■ **TASK REQUIREMENTS**
Would you restate every entry below word for word? Leave out the pictures.

- Opening Delimiter -

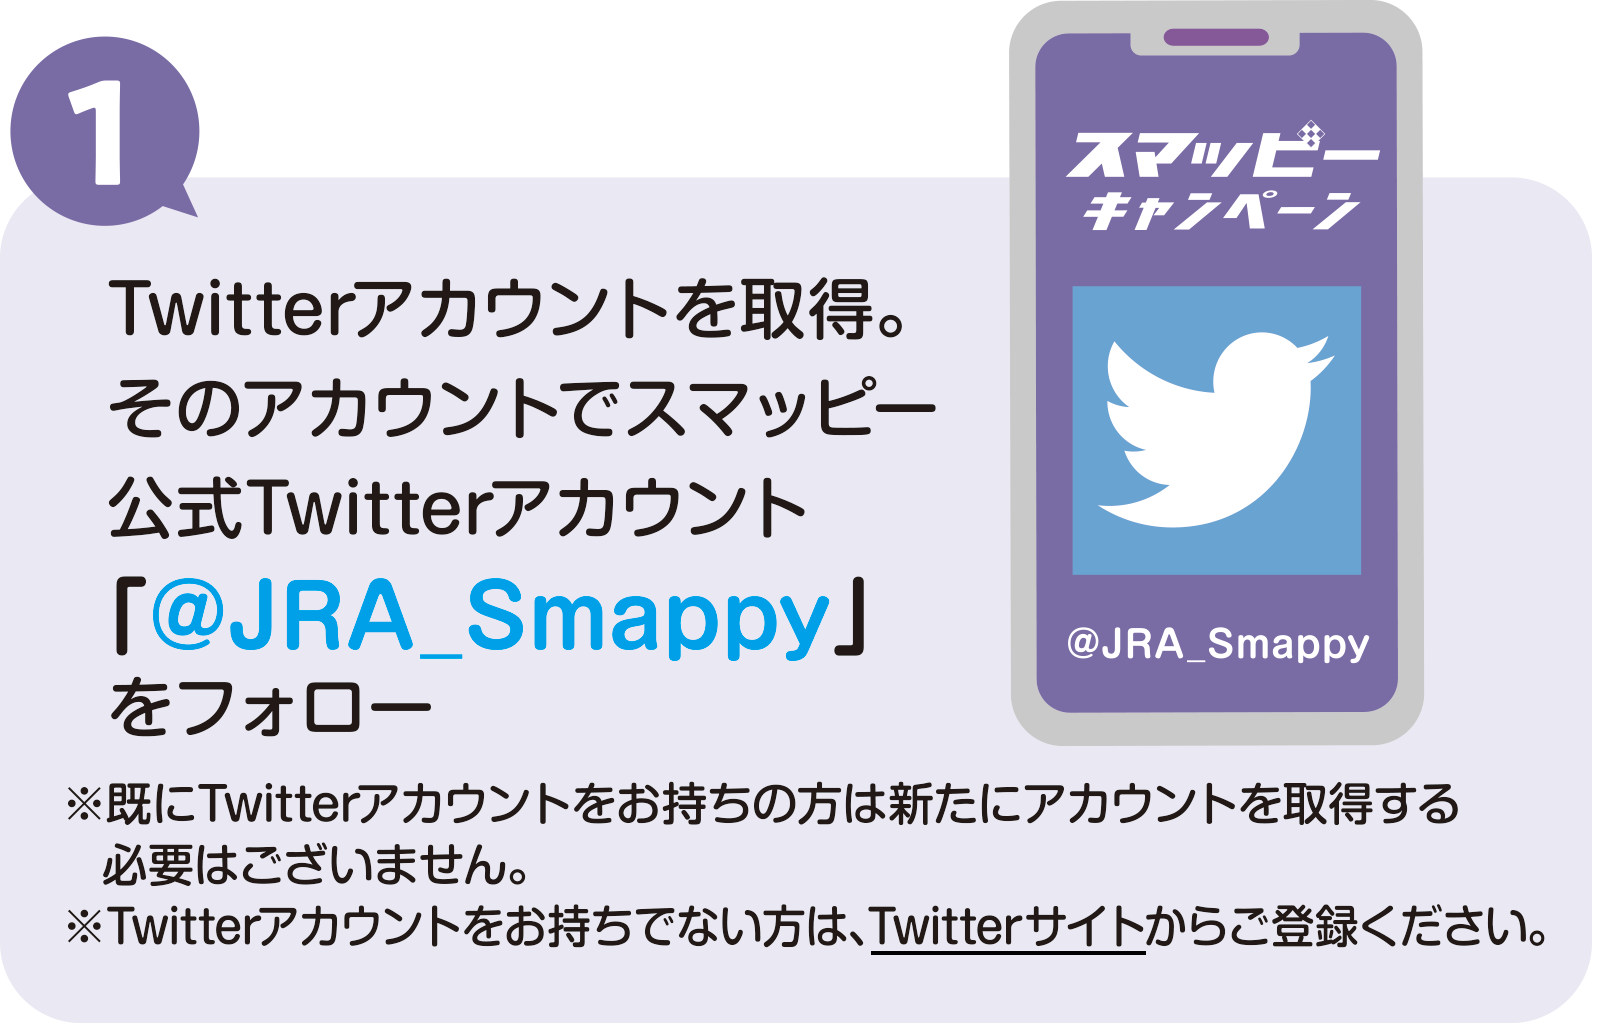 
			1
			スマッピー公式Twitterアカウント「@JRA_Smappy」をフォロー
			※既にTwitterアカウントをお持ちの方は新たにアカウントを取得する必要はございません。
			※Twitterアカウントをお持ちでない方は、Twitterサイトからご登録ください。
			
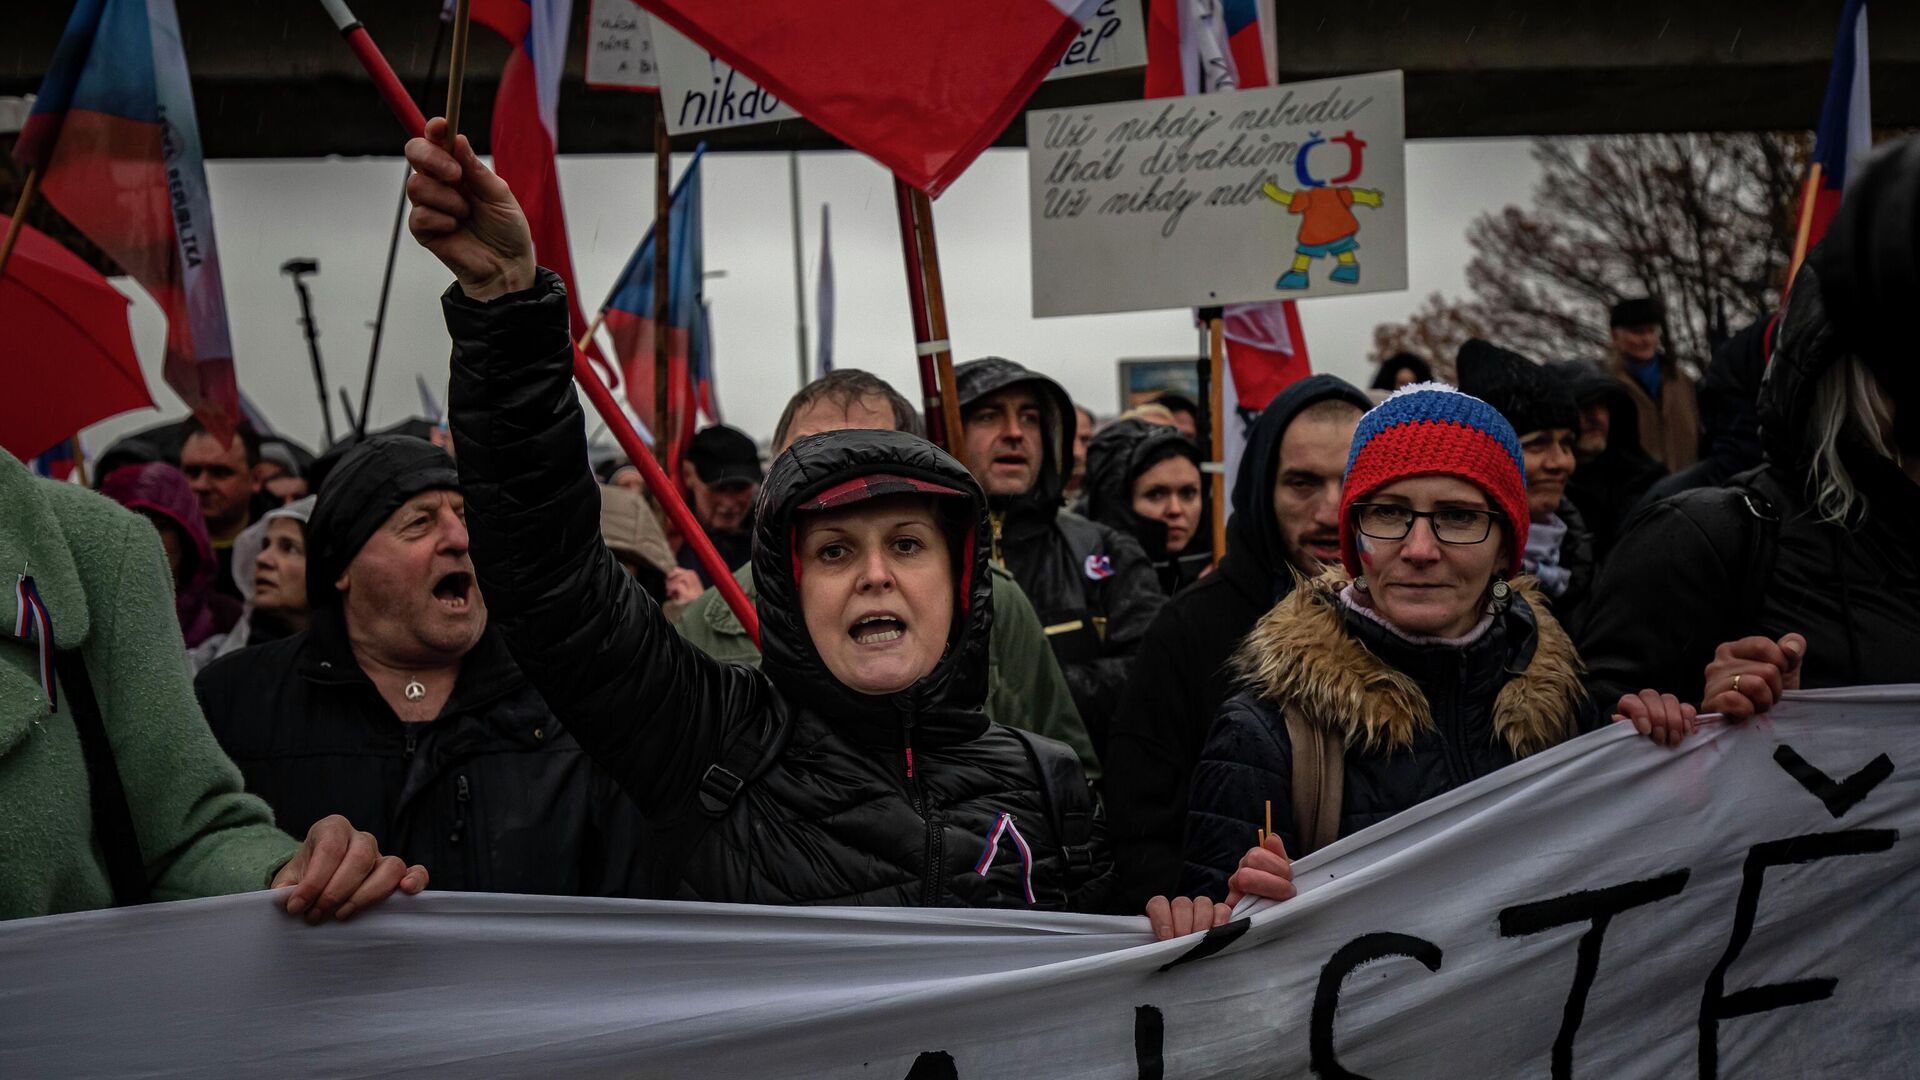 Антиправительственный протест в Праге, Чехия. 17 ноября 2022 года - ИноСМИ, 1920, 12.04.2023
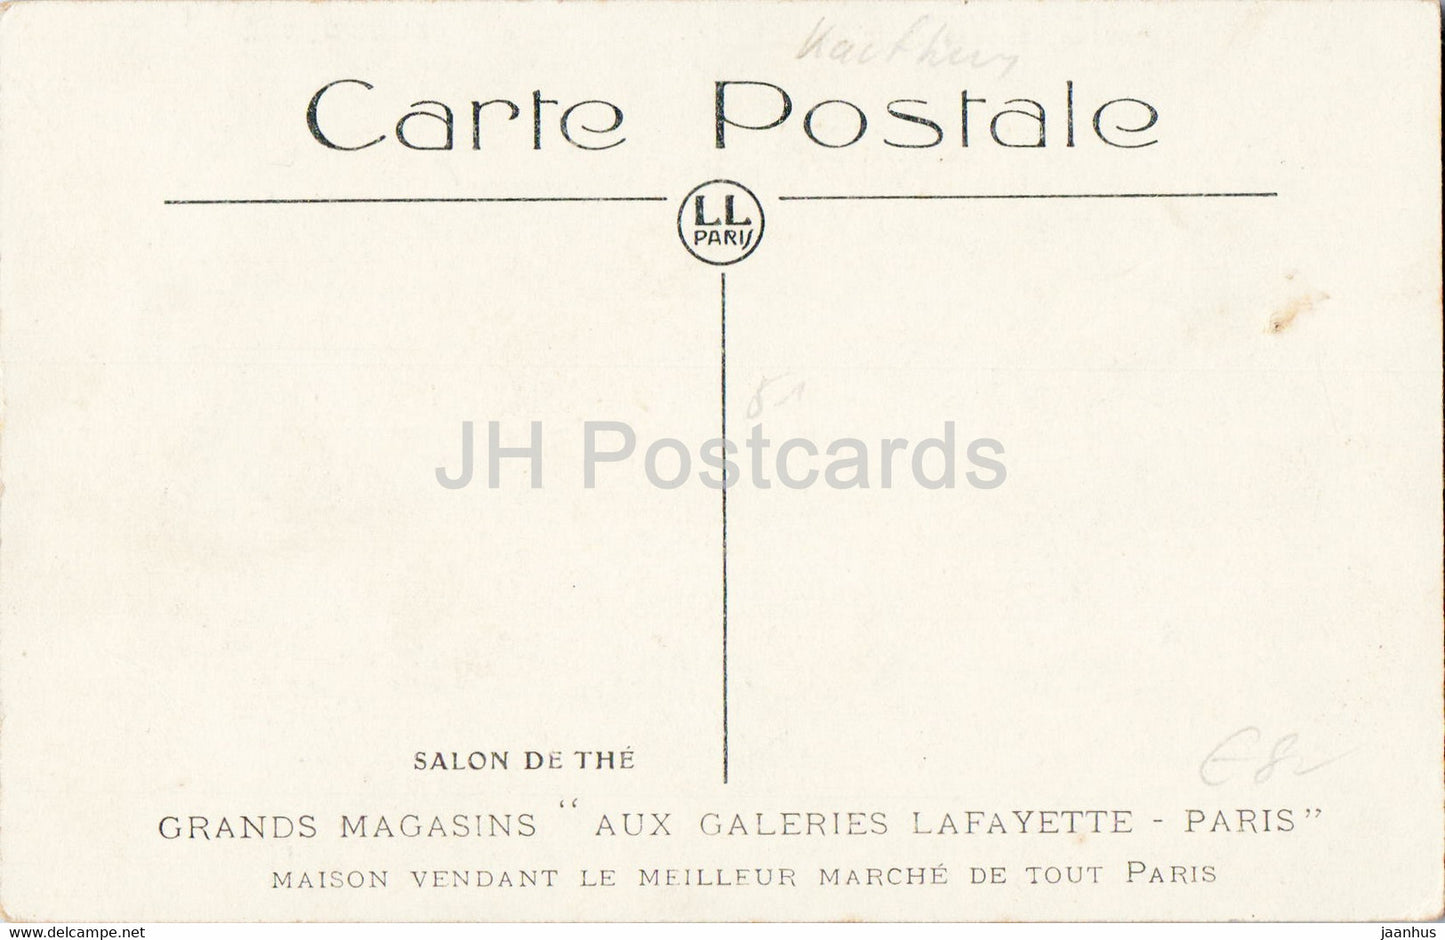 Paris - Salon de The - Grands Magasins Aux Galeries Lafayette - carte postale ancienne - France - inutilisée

- Closing Delimiter -

■ **SOLUTION**
			1
			スマッピー公式Twitterアカウント「@JRA_Smappy」をフォロー
			※既にTwitterアカウントをお持ちの方は新たにアカウントを取得する必要はございません。
			※Twitterアカウントをお持ちでない方は、Twitterサイトからご登録ください。
			
 Антиправительственный протест в Праге, Чехия. 17 ноября 2022 года - ИноСМИ, 1920, 12.04.2023
 Paris - Salon de The - Grands Magasins Aux Galeries Lafayette - carte postale ancienne - France - inutilisée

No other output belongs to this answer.